Antropóloga americana volta, 32 anos depois, a entrevistar moradores e seus filhos; desemprego aumentou

Medo de tiro substitui o de perder casa

ANTÔNIO GOIS
DA SUCURSAL DO RIO

De uma geração para a outra, a vida de moradores de favelas do Rio melhorou no que diz respeito ao acesso à educação e a bens de consumo, mas está mais difícil por causa do desemprego, da falta de união e da violência.
Essas são as constatações de uma pesquisa realizada pela antropóloga americana Janice Perlman -32 anos depois de ter vivido por seis meses em favelas cariocas, em 1969, entrevistando personagens para seu livro, ela voltou ao Brasil para refazer as perguntas para os mesmos entrevistados e para seus filhos.
Dos 750 moradores entrevistados em 1969, Perlman conseguiu localizar 307 desde 2001 (41% do total). Esse universo não é representativo do total da população que vive em favelas do Rio, mas é valioso do ponto de vista da comparação das mudanças ocorridas de uma geração para a outra.
Perlman tem atualizado e divulgado dados preliminares de seu estudo (o original deu origem ao livro "O Mito da Marginalidade"). Os dados mais recentes foram divulgados no seminário "Favela é Cidade", encerrado ontem no Rio e organizado pelo Ibase (Instituto Brasileiro de Análises Sociais e Econômicas) e pela Habitat (agência das Organizações das Nações Unidas para as cidades).
Os dados mostram que os filhos dos entrevistados em 1969 têm muito mais acesso a bens de consumo como televisão (98%), geladeira (98%) e aparelho de som (88%), além de possuir bens que não existiam ou que eram de difícil acesso em 1969, como telefone celular (86%), carro (26%) e computador (22%).

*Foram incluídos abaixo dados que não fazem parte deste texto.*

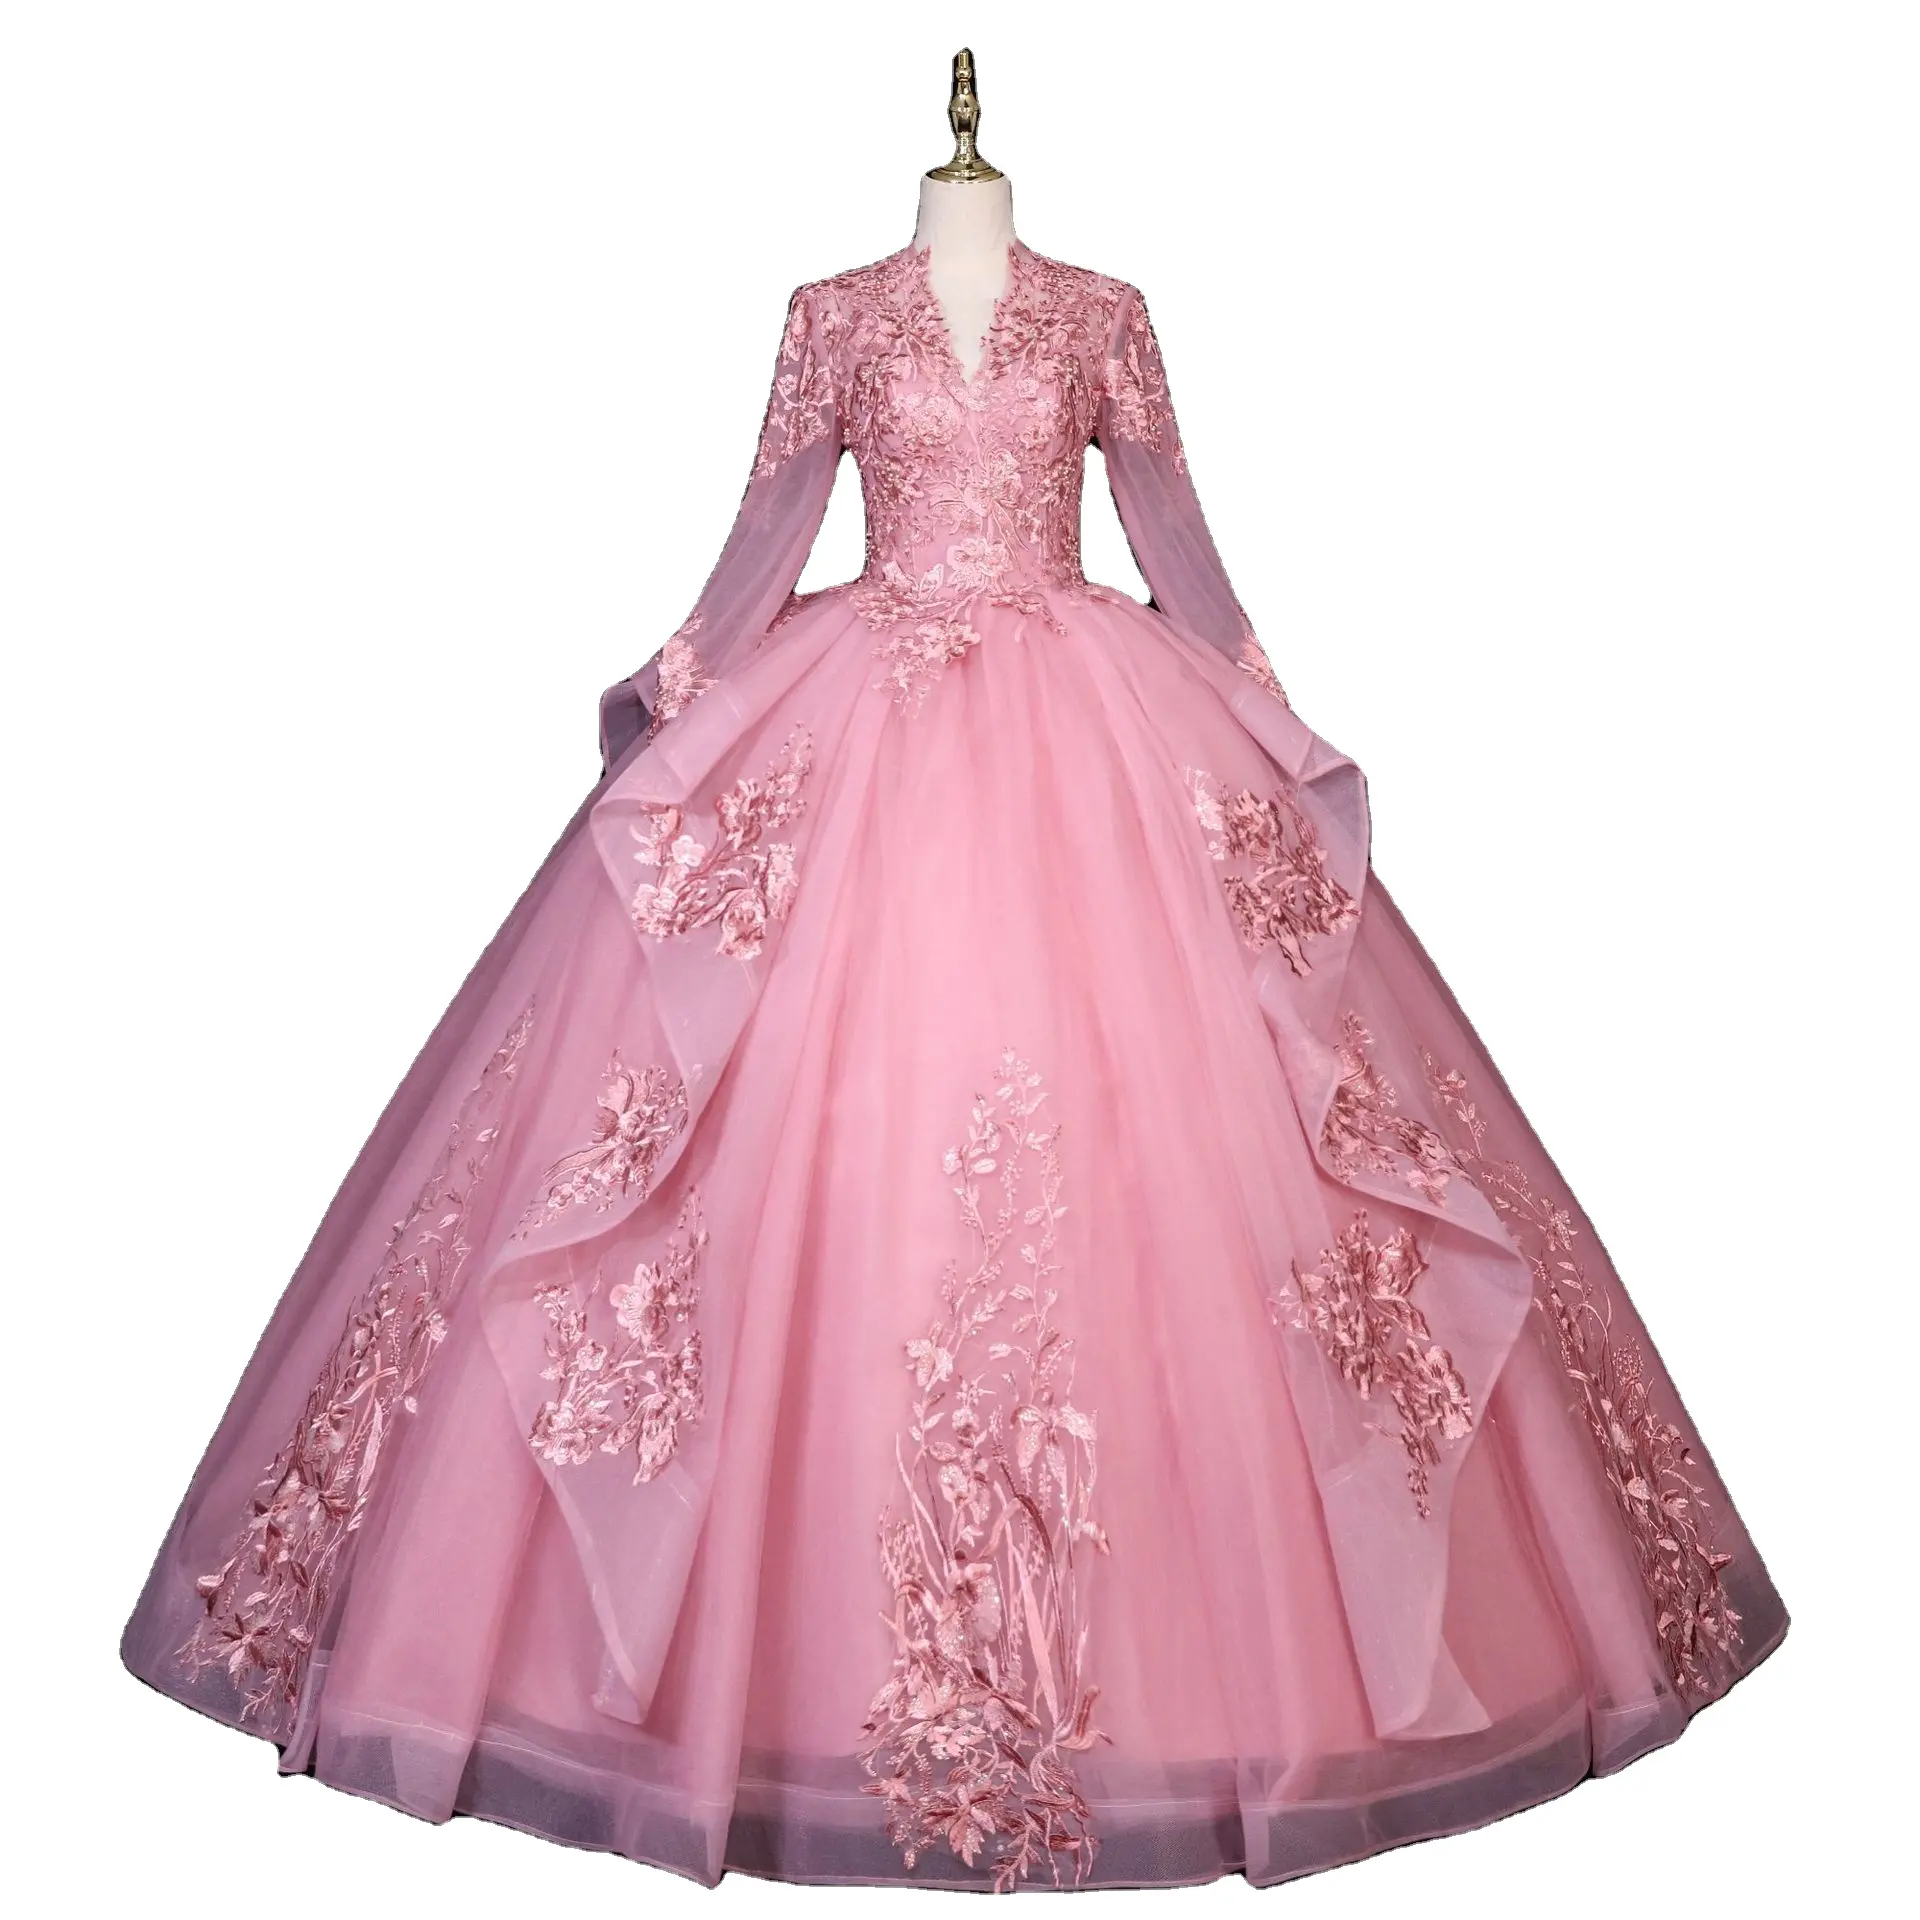 Modest Princess Ball Gown Formal Evening Prom Gowns Long Sleeves Quinceanera Dresses for Girls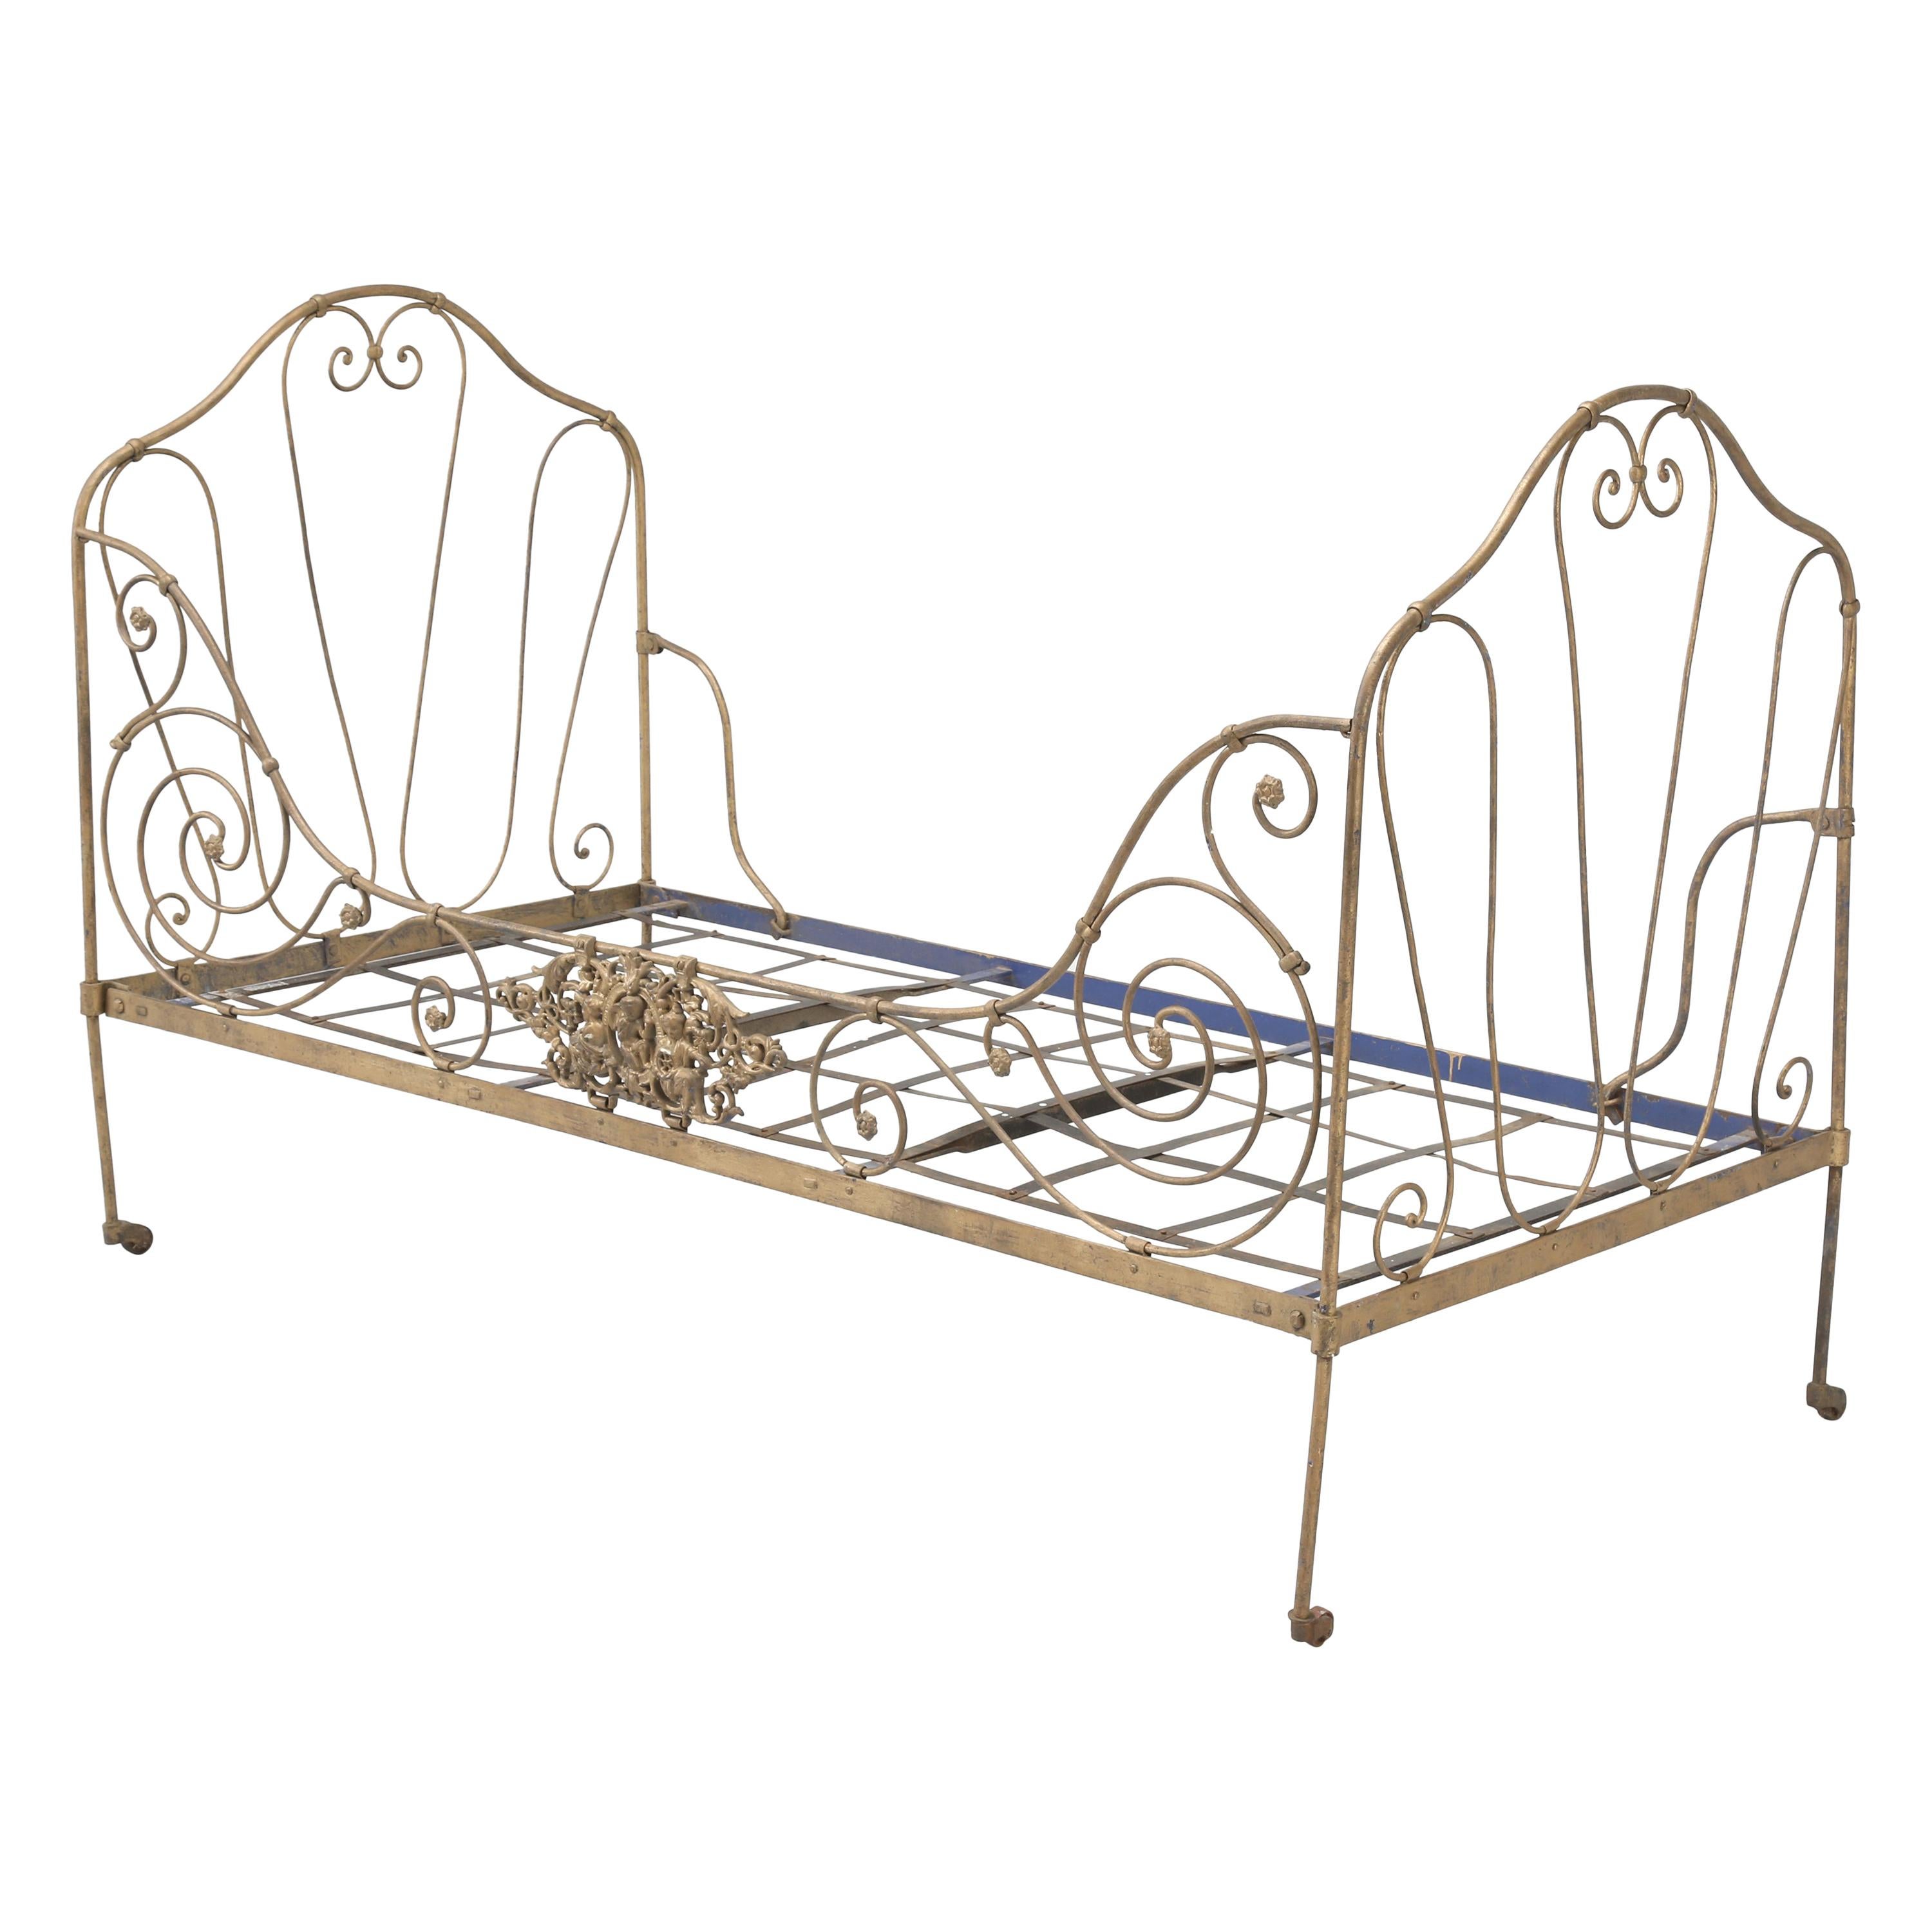 Antique French Metal Daybed in Old Paint

Na época da primeira pesquisa, 64% possuíam televisão, 58% tinham geladeira e apenas 25%, aparelho de som.
O avanço educacional é ainda mais evidente. Se, em 1969, 95% dos entrevistados eram analfabetos, hoje a porcentagem entre os filhos desses moradores é de apenas 6%.
O maior acesso a bens de consumo e à educação, no entanto, não significa que a vida melhorou em todos os aspectos.
Perlman comparou as respostas dos entrevistados de 1969 com as respostas dos mesmos personagens que conseguiu encontrar desde 2001. Ela afirma que a violência, a preocupação mais marcante nos dias de hoje, não era um problema em 1969, quando o maior medo era ser removido da favela pela política do poder público de retirar moradores pobres das áreas nobres e levar para conjuntos no subúrbio da cidade.
Em 1969, apenas 16% dos entrevistados disseram que a violência era a pior característica do Rio. Essa porcentagem subiu para 60% entre os que foram entrevistados novamente.
"Em 1969, a violência não era uma preocupação desses moradores. Hoje, muitos afirmam que temem morrer por bala perdida, pela ação da polícia ou dos traficantes", afirma a antropóloga.
A instabilidade no emprego (medida pela porcentagem de entrevistados que ficaram desempregados por mais de um mês) era de 31% entre os que participaram da pesquisa em 1969 e é de 65% entre os filhos desses entrevistados.

Desunião
A geração dos filhos também tem uma percepção maior da falta de união entre as pessoas de sua comunidade. Há 35 anos, 54% dos entrevistados diziam que as pessoas da favela eram muito unidas, enquanto 21% afirmavam que faltava união.
Quando fez a mesma pergunta para os filhos desses moradores, Perlman percebeu que essa situação se inverteu radicalmente: apenas 6% disseram que havia muita união e 58% afirmaram que faltava isso nas favelas. Prova disso é que, entre os pais de 1969, 31% participavam de associação de moradores, ante apenas 6% de seus filhos hoje.
Para a antropóloga, a melhoria da escolaridade não melhorou a situação do emprego porque os avanços nos últimos 35 anos foram insuficientes para acompanhar o aumento da exigência do mercado de trabalho.
"Há 35 anos, os pais diziam para os filhos que eles deveriam estudar para não ter que sobreviver da coleta de lixo. Hoje, um emprego de gari no Rio de Janeiro, que é muito concorrido, exige ensino fundamental completo."